= Cyclodiphosphazane =

Class of chemical compounds

Cyclodiphosphazanes are saturated four membered P_{2}N_{2} ring systems and one of the major classes of cyclic phosphazene compounds. Bis(chloro)cyclodiphosphazanes, (cis-[ClP(μ-NR)]_{2}) are important starting compounds for synthesizing a variety of cyclodiphosphazane derivatives by nucleophilic substitution reactions; are prepared by reaction of phosphorus trichloride (PCl_{3}) with a primary amine (RNH_{2}) or amine hydrochlorides (RNH_{3}Cl).

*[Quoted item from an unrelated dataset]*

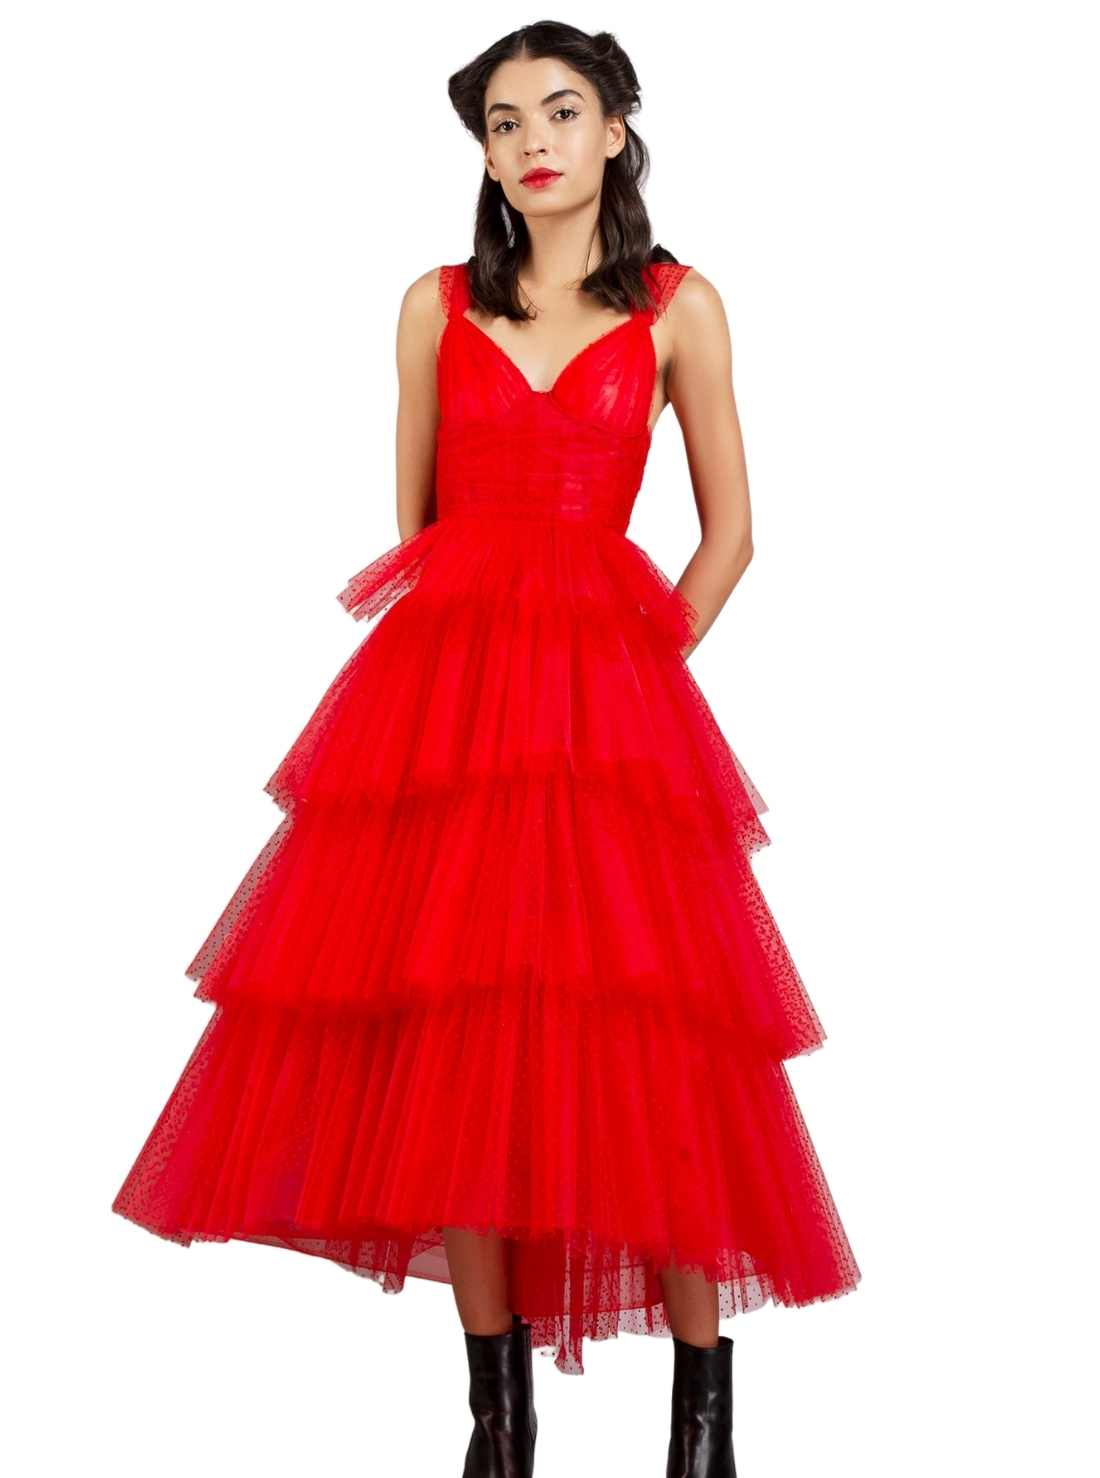 Red Layered Corset style Bodice Dress

Organic substituents on nitrogen play an important role in formation of cyclic phosphazane compounds. The cyclic tetramers and trimer are formed with methyl and ethyl substituents on nitrogen, whereas formation of cyclic dimers (cis-[ClP(μ-NR)]_{2}) have been observed exclusively with more sterically demanding primary amines such as tert-butylamine and aniline.

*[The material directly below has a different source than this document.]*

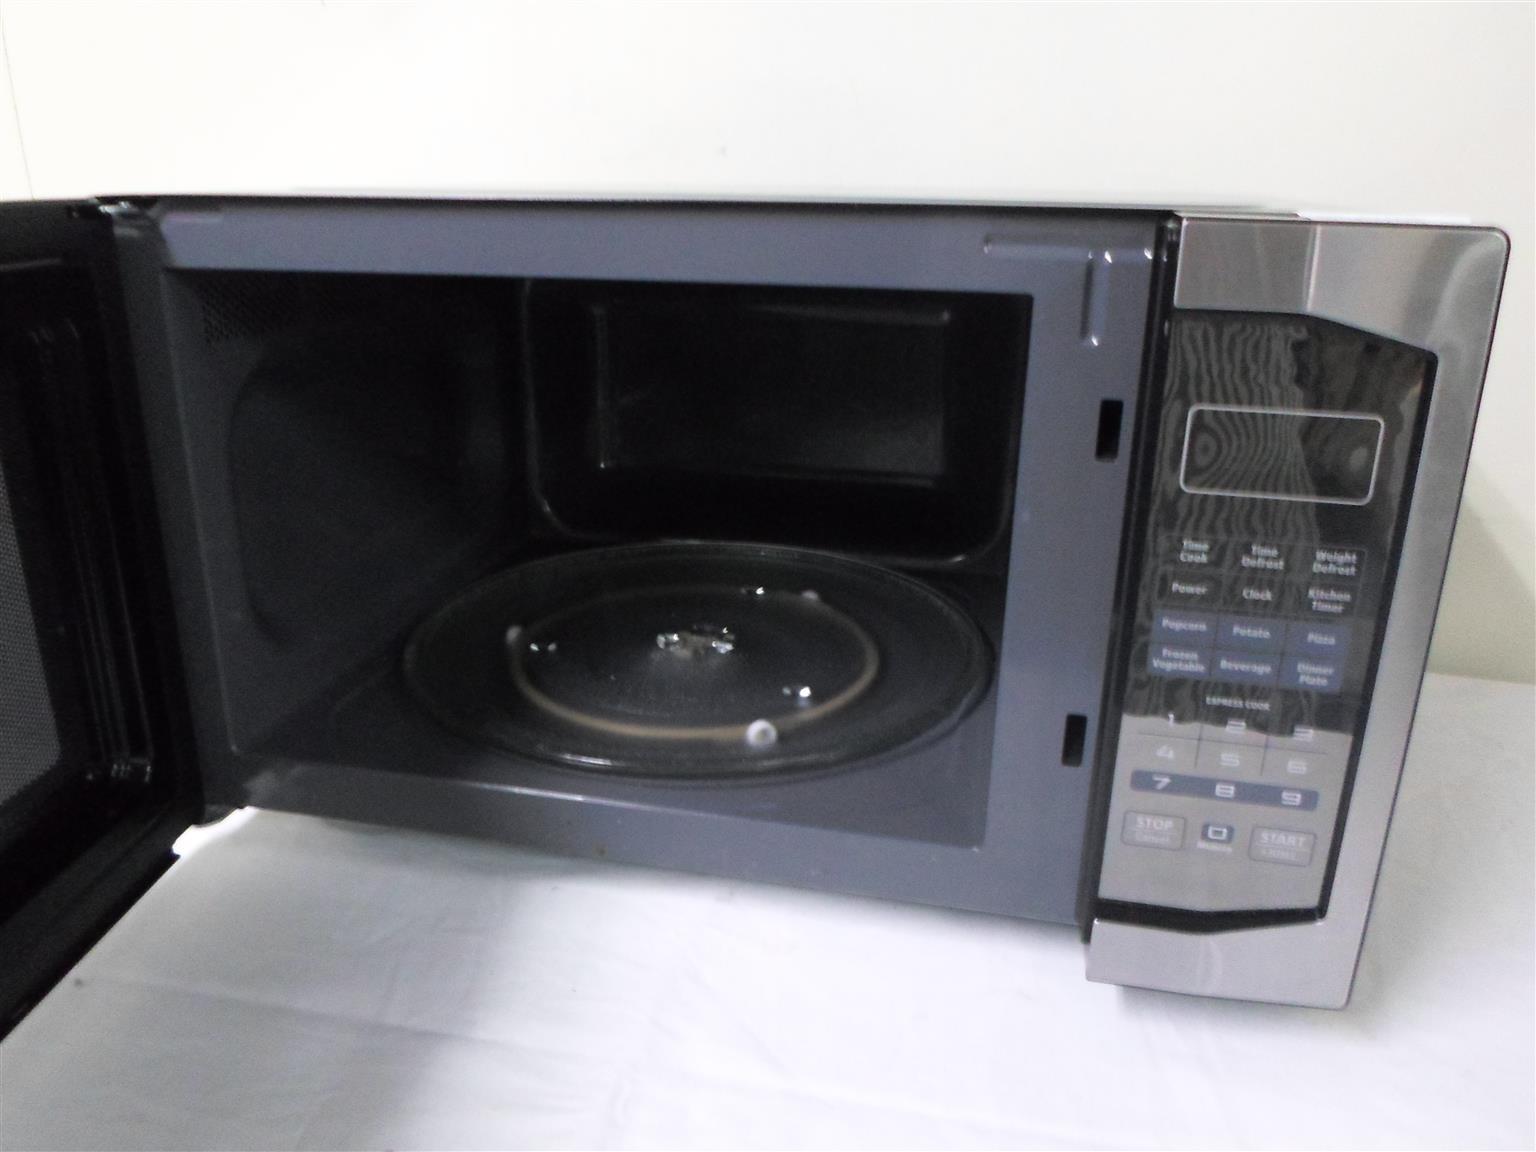 RHEM45BM Russel Hobbs Microwave

==Coordination Chemistry==
Cyclodiphosphazanes are excellent ligand systems for metallosupramolecular chemistry. The cis-oriented lone pair on phosphorus in cyclodiphosphazane are projected away from each other, so chelation to metal center is not possible. This bridging coordination of cyclodiphosphazane allows formation of metallomacrocycles containing four rhodium and gold centers and metallopolymers CuX, AgX.

Chiral cyclodiphosphazanes have found use as ligands in asymmetric catalysis. Gade et al. employed them in enantioselective transition-metal mediated catalysis, while Goldfuss et al. employed di-amino substituted chiral variants in hydrogen bonding catalysis.

Cyclodiphosphazanes have also been found to have a high ability to bind anions via hydrogen bonding - specifically halides - in both their monomeric and macrocyclic forms. They are competitive to or better than comparable bifurcated anion binding structural motifs such as (thio)urea and squaramide.